Why do my children always have bronchitis?

In the long-term clinical work, I found a problem. Many parents said that their children often suffer from bronchitis, and the effect of taking medicine is not good, and coughing for a long time. Asking about the condition in detail, I found that these children are not called "bronchitis", even if the chest radiograph report "bronchitis changes." Family members questioned why other doctors said it was bronchitis, and I said no, and did not need infusion therapy. The family members will be suspicious, and after taking the test and trying according to the method I have said, the cough has obviously improved, not even coughing. Today, I will answer the questions of my family members--why do my children always have bronchitis?
Why do my children always have bronchitis?
Everyone has a clear definition of what is called chronic cough. Medically defined chronic cough in children means that coughing lasts for more than 4 weeks. What are the causes of chronic cough? Which kind of cough does my child have? please watch the following part.

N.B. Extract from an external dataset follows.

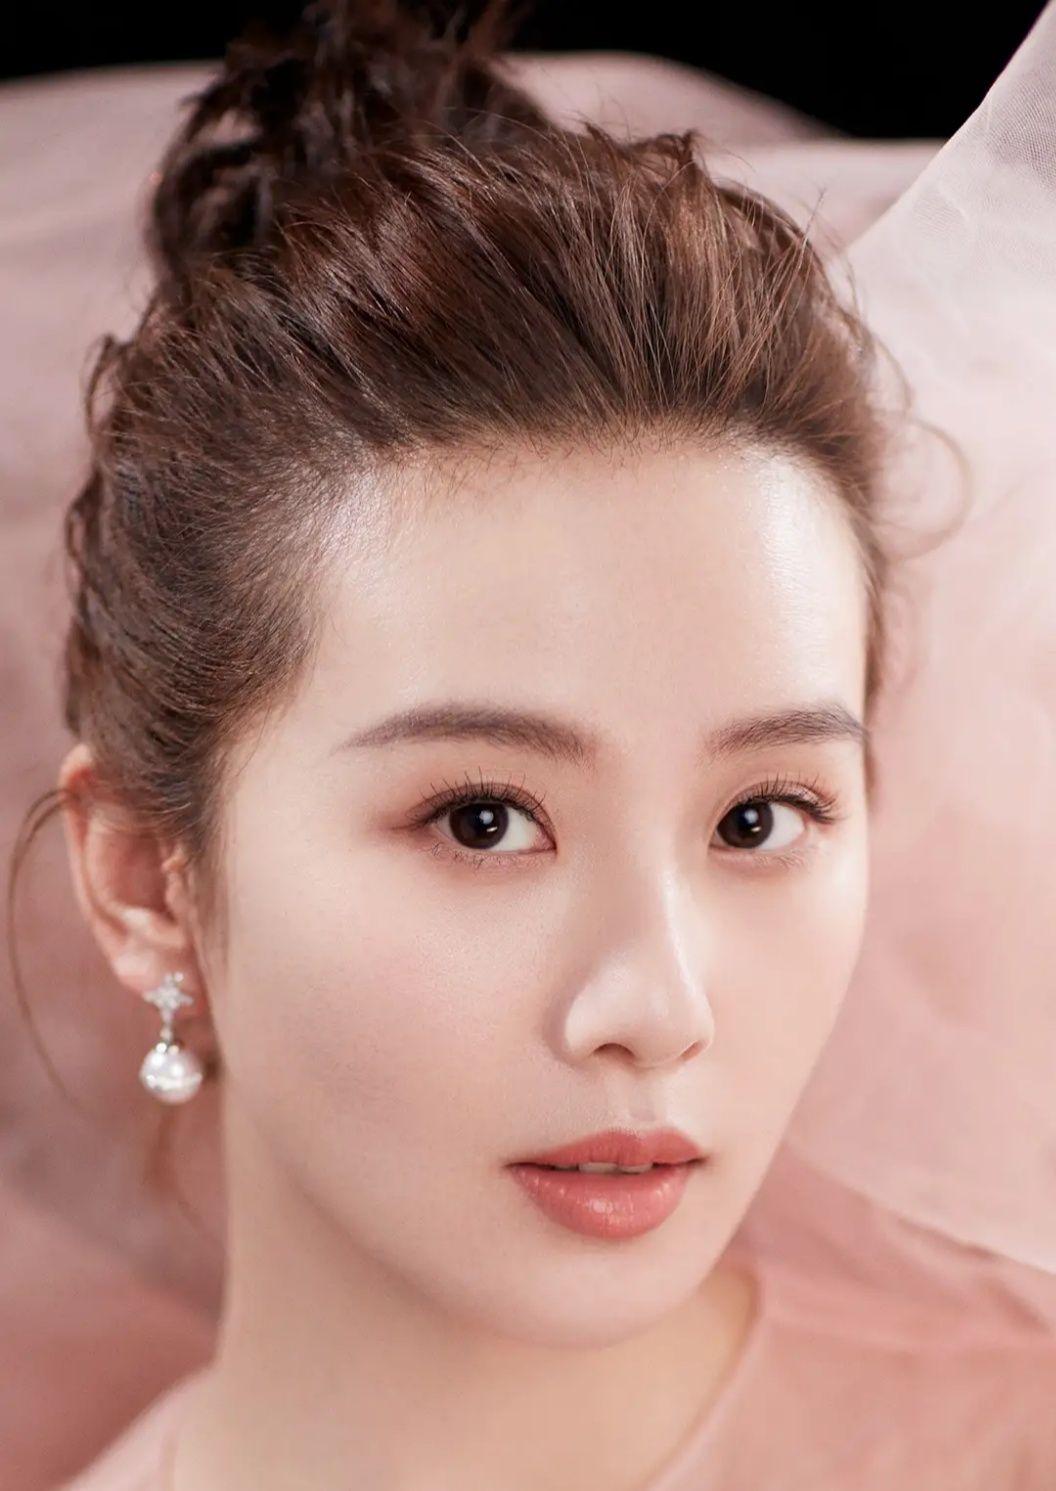 影视明星刘诗诗写真:美若天仙,白雪公主颜值!

Chronic cough is roughly divided into two categories: one is a specific chronic cough; the other is a non-specific chronic cough. The so-called specific chronic cough means that chronic cough is a symptom associated with the more specific disease itself. For a simple example: patients with congenital tracheobronchial softening, whether adults or children, are accompanied by chronic cough, repeated wheezing, Expiratory dyspnea and pulmonary exhalation wheezing. This cough is caused by a malformation of the airway in the patient, which is a concomitant symptom of congenital tracheobronchial softening. If your child has no clear lung infection, pulmonary vascular disease, airway malformation, cardiovascular malformation, specific pulmonary hemosiderosis, etc., chronic cough is not specific. Chronic cough, but a non-specific chronic cough.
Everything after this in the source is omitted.